### TASK BRIEF
Without including the pictures, copy each line below exactly as it reads.

### INPUT DATA
┌────────

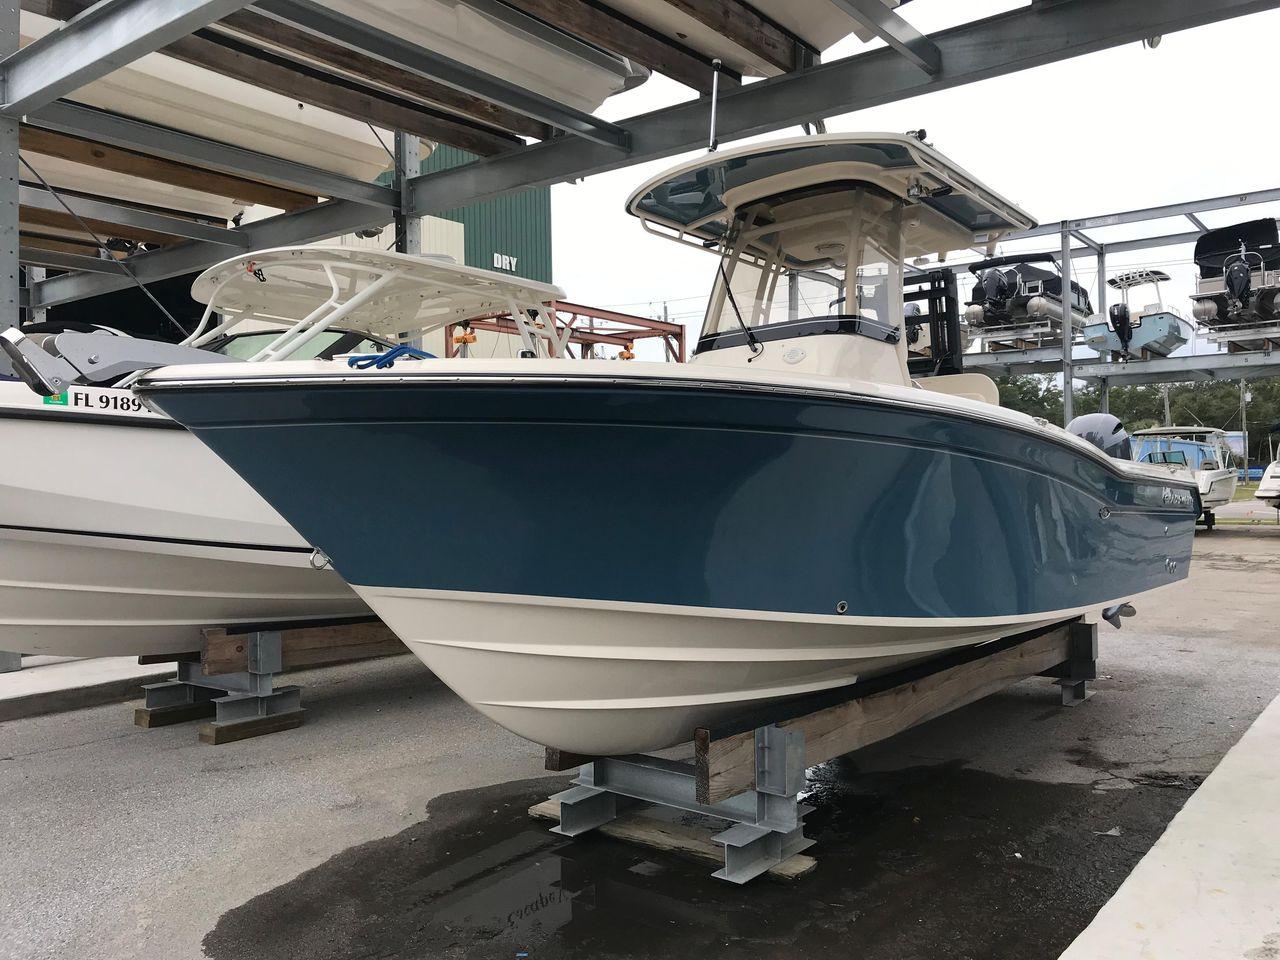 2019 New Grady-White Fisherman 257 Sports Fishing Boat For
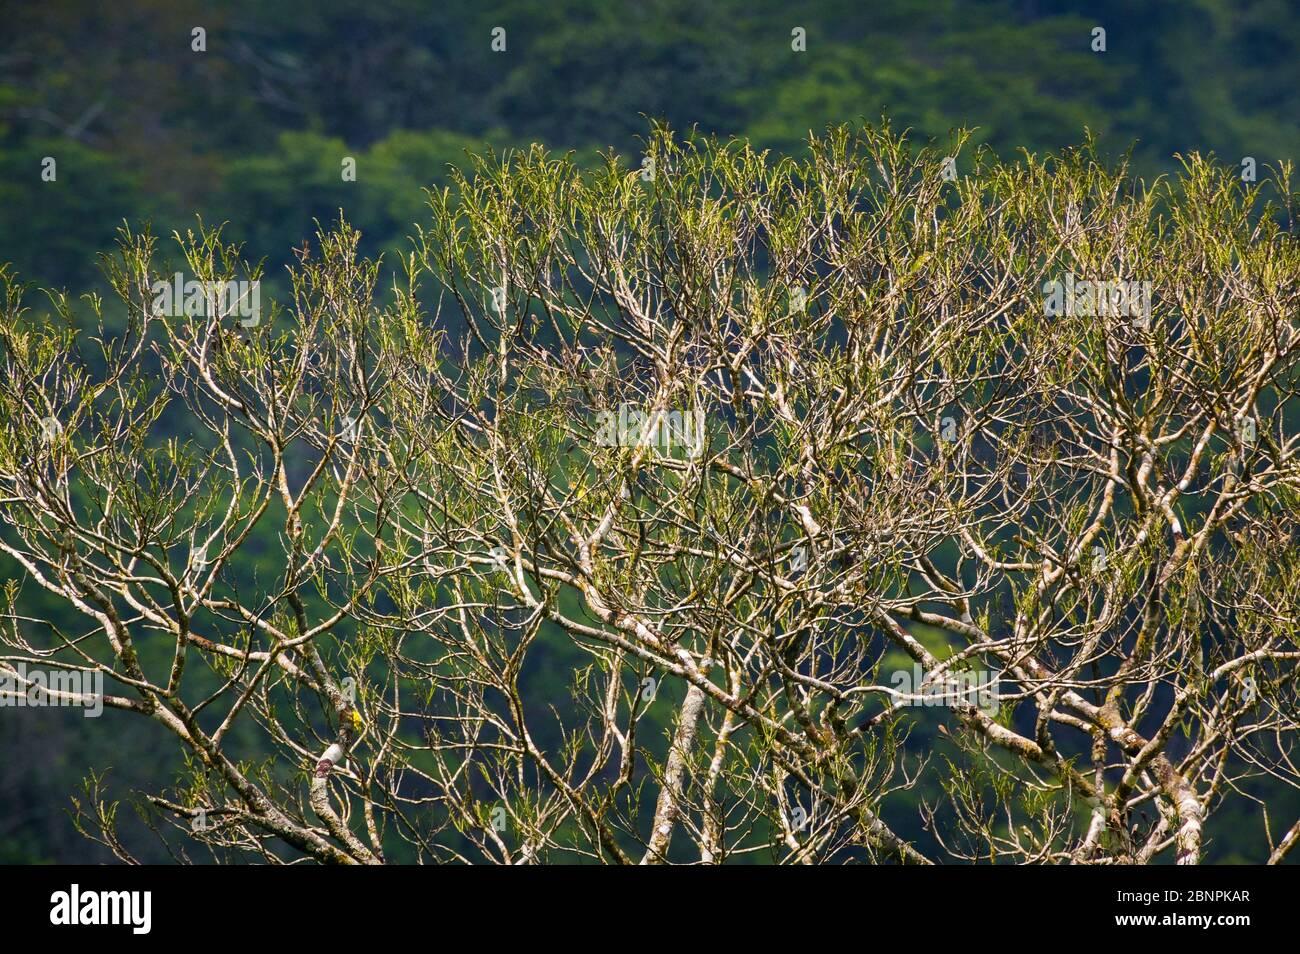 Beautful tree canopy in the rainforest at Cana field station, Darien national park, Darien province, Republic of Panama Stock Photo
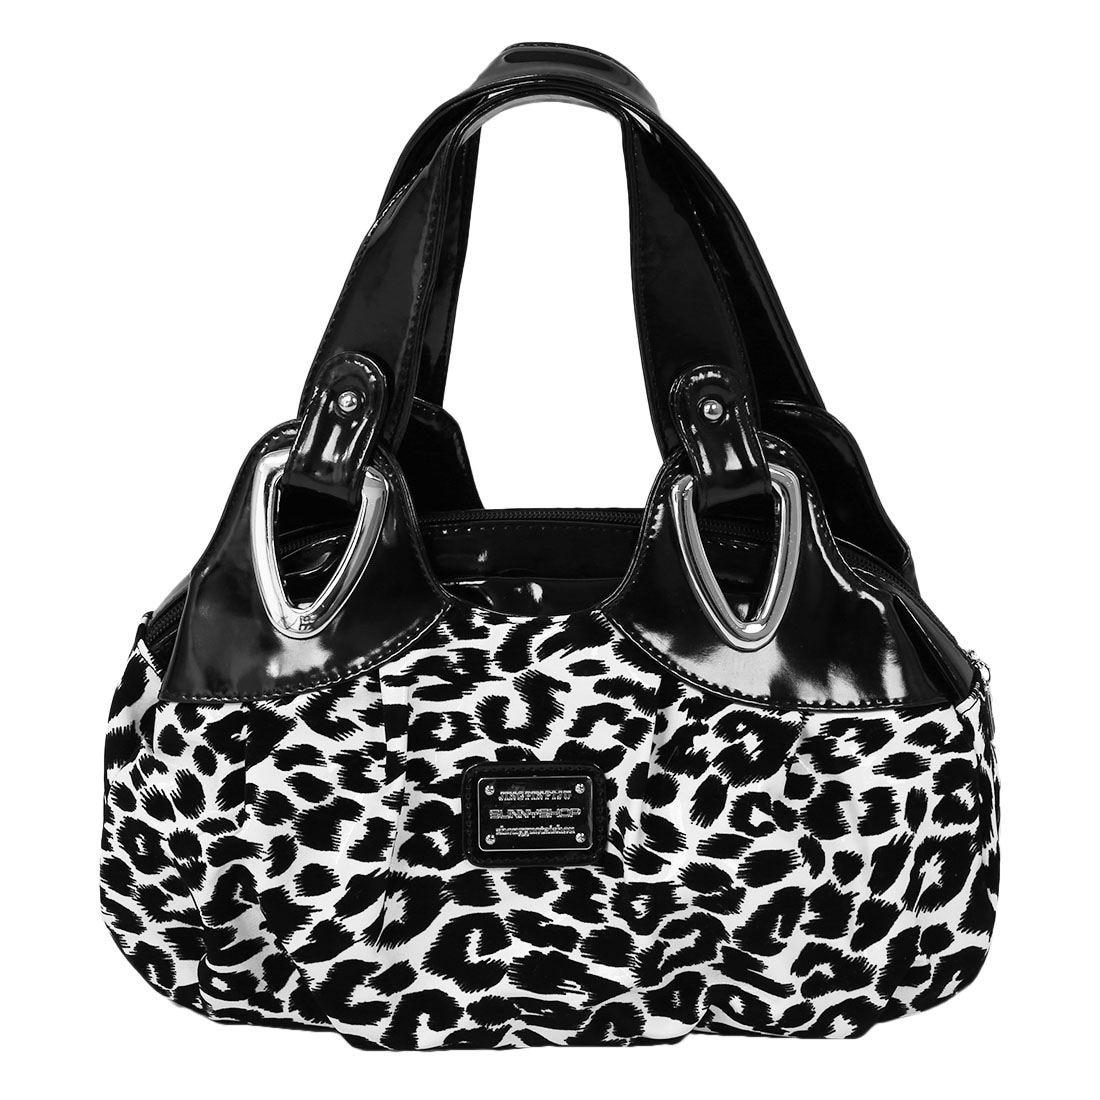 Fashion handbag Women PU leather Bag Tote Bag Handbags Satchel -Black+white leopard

└────────

### THE ANSWER
 2019 New Grady-White Fisherman 257 Sports Fishing Boat For
 Beautful tree canopy in the rainforest at Cana field station, Darien national park, Darien province, Republic of Panama Stock Photo
 Fashion handbag Women PU leather Bag Tote Bag Handbags Satchel -Black+white leopard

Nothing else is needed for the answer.